* [What needs to be done]:
The lines in the listing below are to be given again exactly, starting at the line holding "Sterilite 03111606 Прямоугольный" and ending at the line holding "Nome do produto: JORGE - Jordan". Do not include pictures.
** Opening The input block **
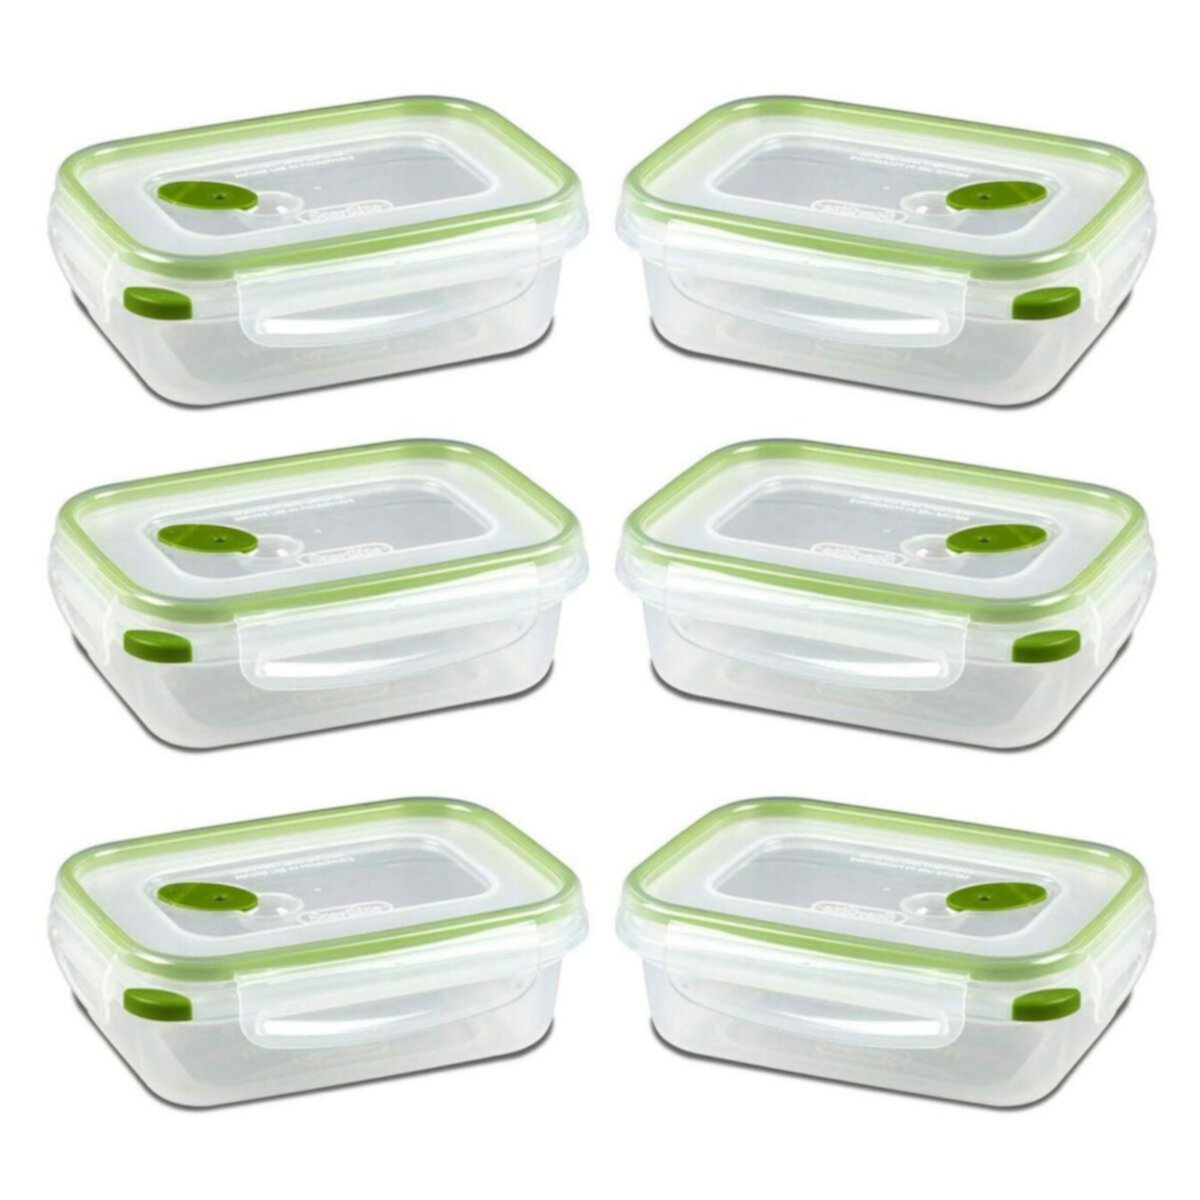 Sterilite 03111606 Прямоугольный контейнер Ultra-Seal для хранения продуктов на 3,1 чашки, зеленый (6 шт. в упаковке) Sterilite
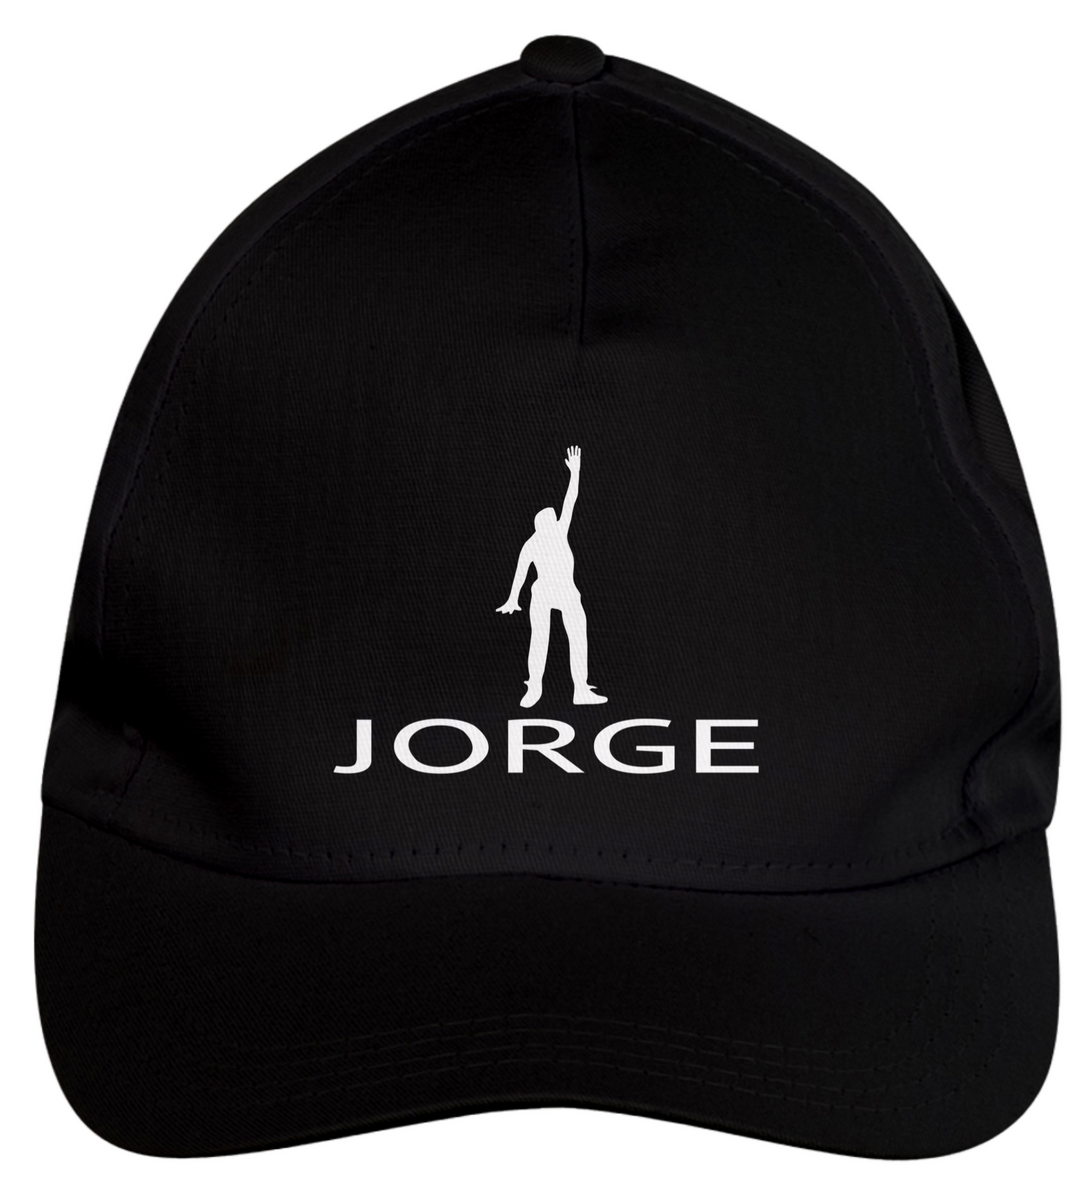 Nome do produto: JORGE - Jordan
** Closing The input block **
** Opening The input block **
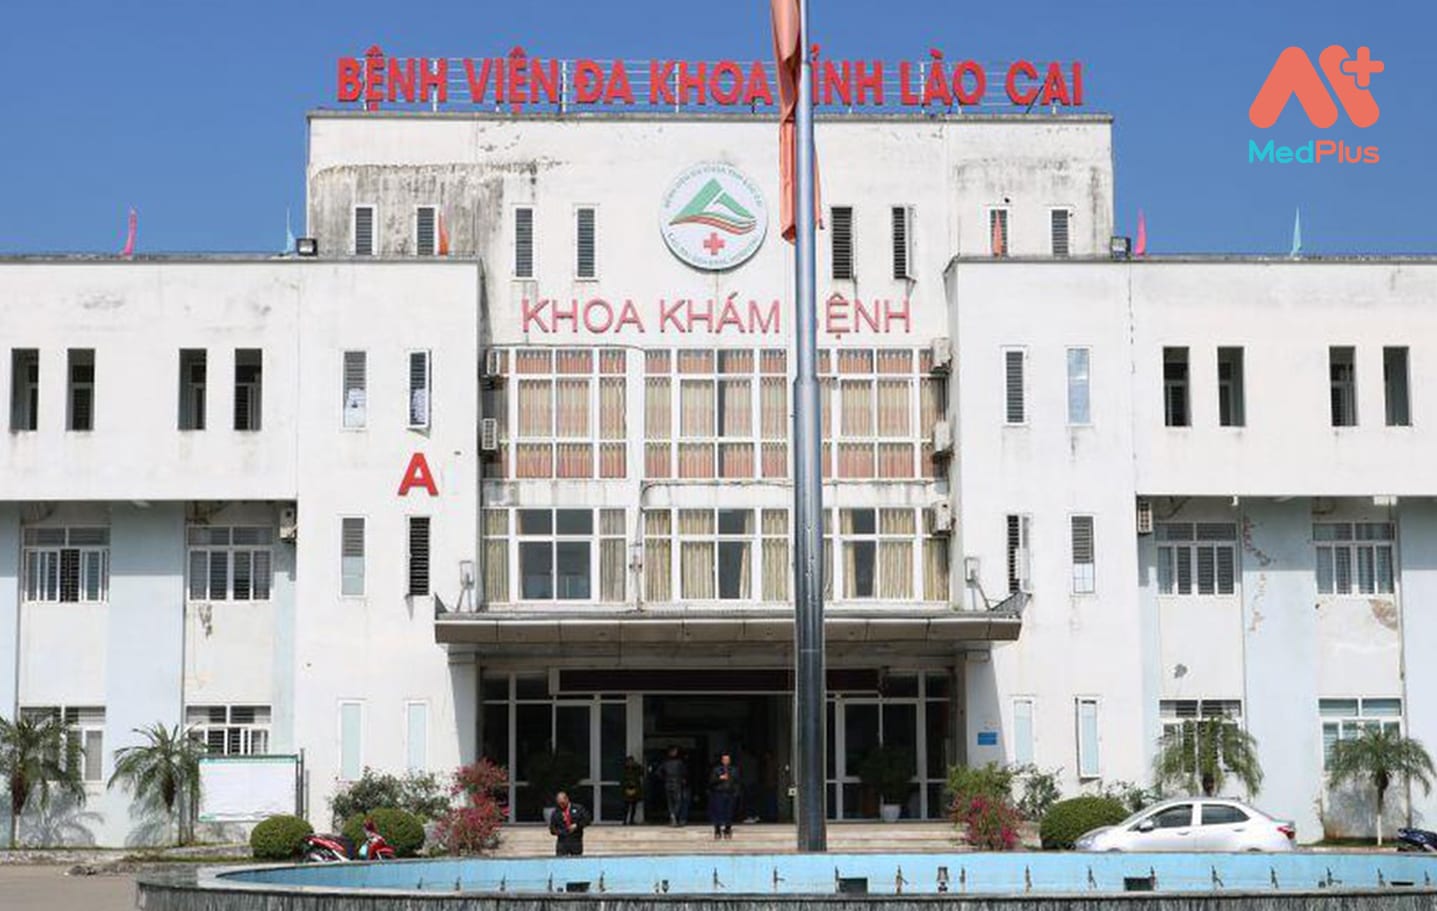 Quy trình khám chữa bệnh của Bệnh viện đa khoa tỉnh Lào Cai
** Closing The input block **
** Opening The input block **
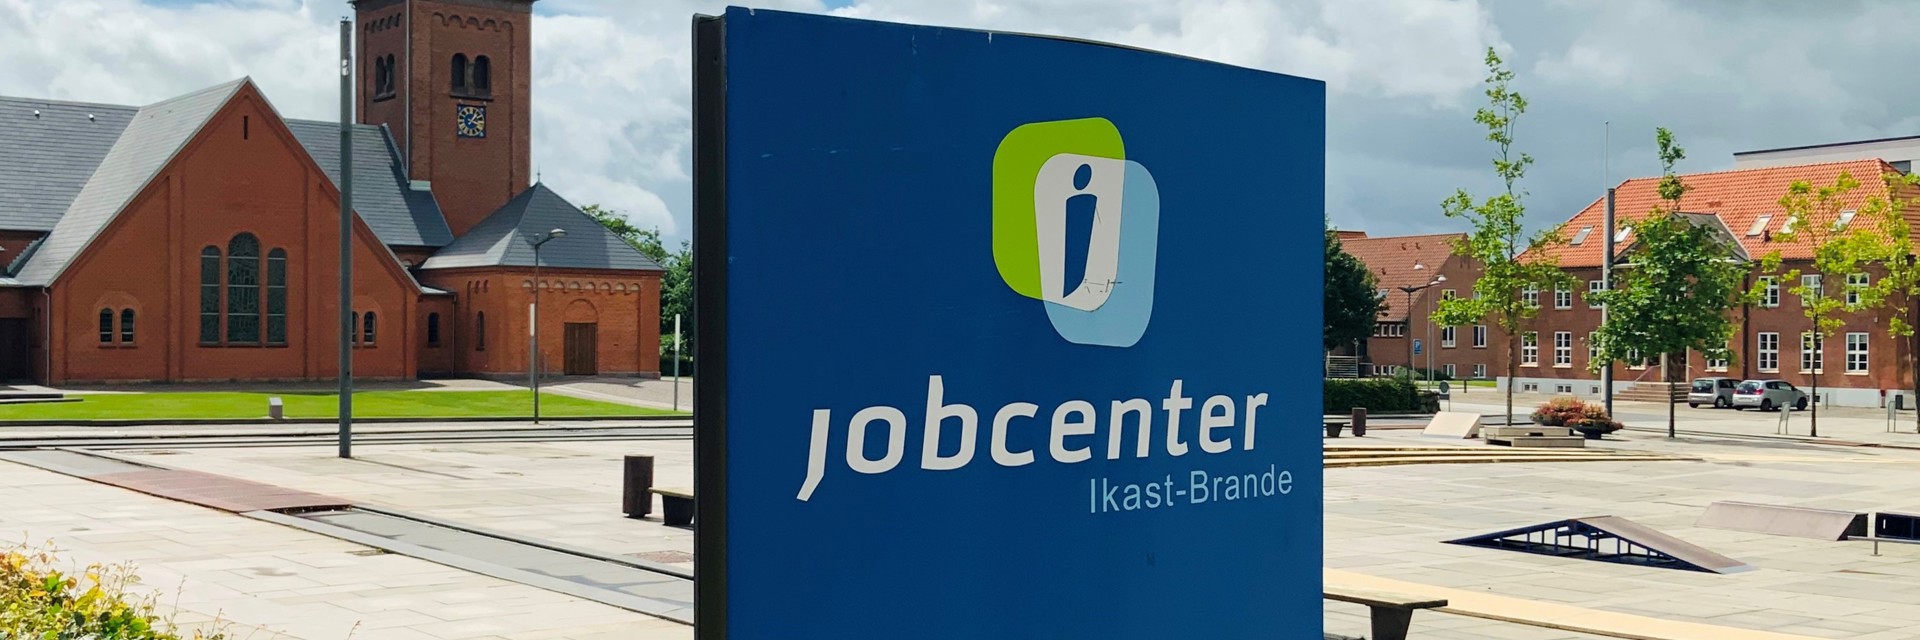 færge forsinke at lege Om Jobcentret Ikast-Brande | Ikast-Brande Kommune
** Closing The input block **
* [Solution below]:
 Sterilite 03111606 Прямоугольный контейнер Ultra-Seal для хранения продуктов на 3,1 чашки, зеленый (6 шт. в упаковке) Sterilite
 Nome do produto: JORGE - Jordan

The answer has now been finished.